Зарплата была больным местом. В Союзе писателей положили так: мне платить двести рублей в месяц, а сотрудникам по сто.

Было много студентов, которым не помогали родители; таких мы старались брать в редакцию в первую очередь. Именно по этой причине я пригласил на должность технического секретаря Нонну Болдину, яркую шумную поэтессу, любившую всем и каждому читать свои стихи. С ней в первые же три-четыре дня произошёл приятный для неё и для меня казус: к ней подошла Оля и сказала:

– Вставай, я буду сидеть на твоём месте.

– А я?

– А ты пойдёшь в отдел поэзии. Там тебе интереснее.

– Но зарплата? Я же тут буду получать сто рублей.

– Зарплата твоя останется. Я буду работать бесплатно.

Я этого диалога не слышал, а только вдруг ко мне перестали идти посетители. И когда кабинет совсем опустел, я вышел в приёмную и увидел на месте Нонны Каримову.

– Ольга! Как ты сюда попала?

– Я прогнала Нонну в отдел поэзии. Она не может работать секретарём; всех к тебе пропускает. А я все вопросы стараюсь решать сама, а если не могу, отсылаю посетителя в отдел. Ты должен иметь свободное время, иначе они тебя заездят.

– Да, но зарплата? У меня нет свободной ставки.

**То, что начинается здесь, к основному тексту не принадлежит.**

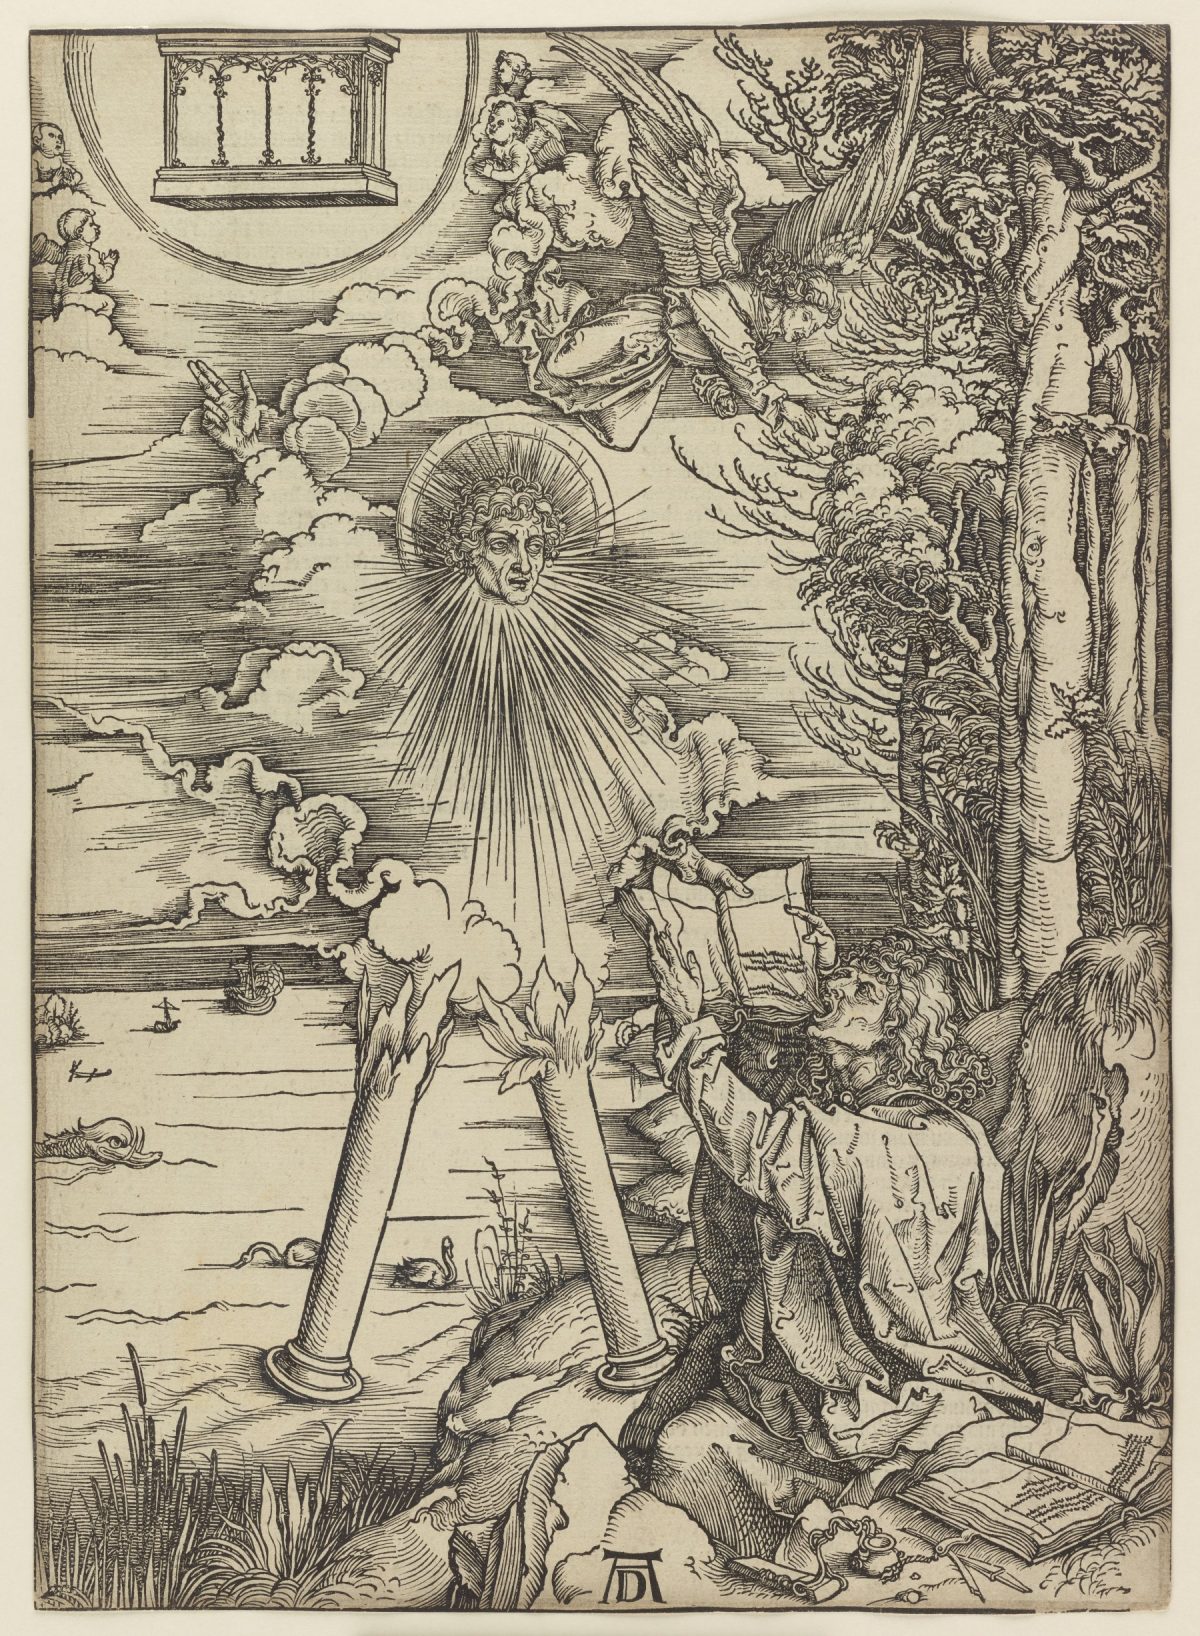 Albrecht Dürer, art, woodcuts, Apocalypse, religion, Bible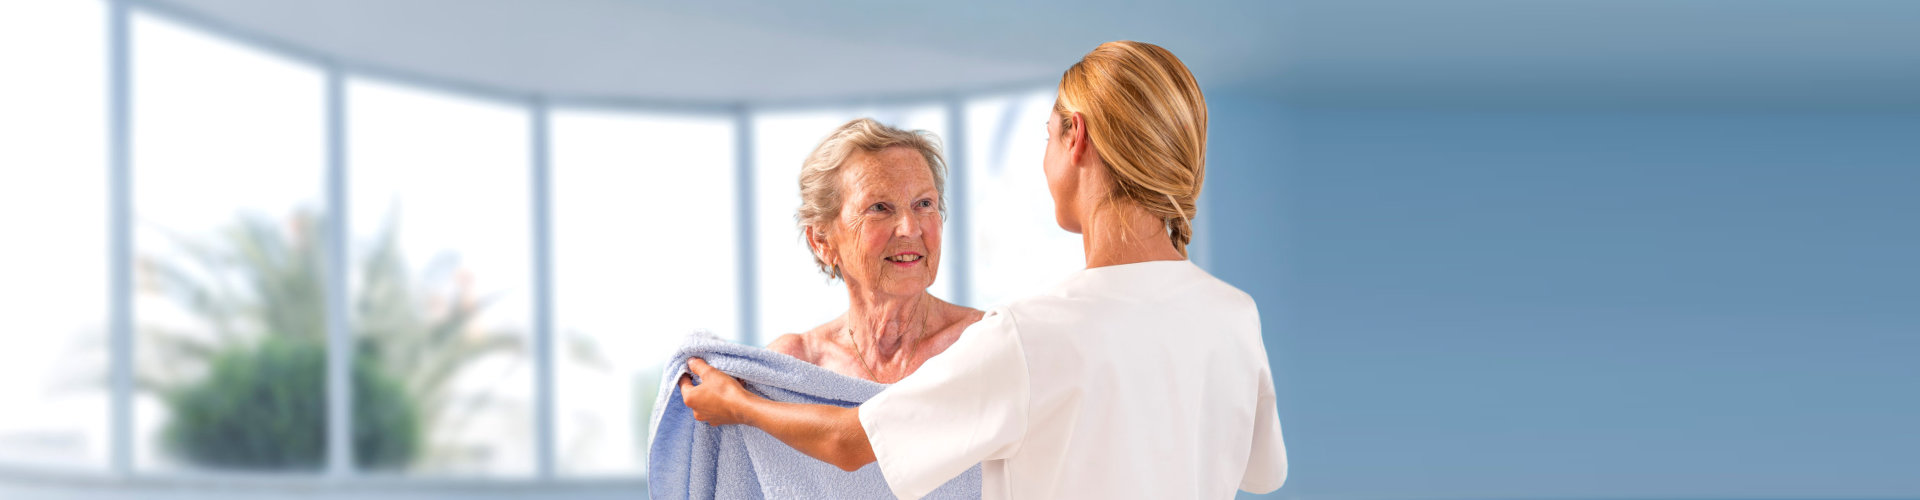 Senior Home Care Services | Home Elderly Care | Abuzz Health Care Services

– Не беда. Я буду работать бесплатно.

Я не стал возражать. И это оказалось для меня спасительной операцией: Ольга со своей обаятельной внешностью, со звонким певучим голосом, – культурная, тактичная и вместе с тем строгая, властная, – выполняла роль диспетчера, и я почувствовал себя почти совершенно свободным. Времени же мне, ох, как не хватало. Некоторым преподавателям не нравилось, что я забрал такую власть в институте, и они стали ко мне придираться. Не однажды завернул меня при сдаче квартального экзамена профессор Поспелов Геннадий Николаевич. Он был автором учебника по теории литературы, а кроме того, родным братом секретаря ЦК Петра Николаевича Поспелова, – его в институте боялись, с ним не спорили. Я всегда у него получал пятёрки, но на этот раз он меня забрасывал вопросами и, наконец, сказал:

– Могу поставить вам тройку.

Я взял со стола зачётную книжку:

– Если позволите, приду пересдавать.

Профессор ничего не сказал и вышел из аудитории. Я через неделю снова к нему пришёл. И ответил на все вопросы; его учебник выучил назубок, а кроме того, прочёл дополнительно много книг по теории литературы. Но и на этот раз он сказал:

– Материал вы подучили, но знаете его плохо.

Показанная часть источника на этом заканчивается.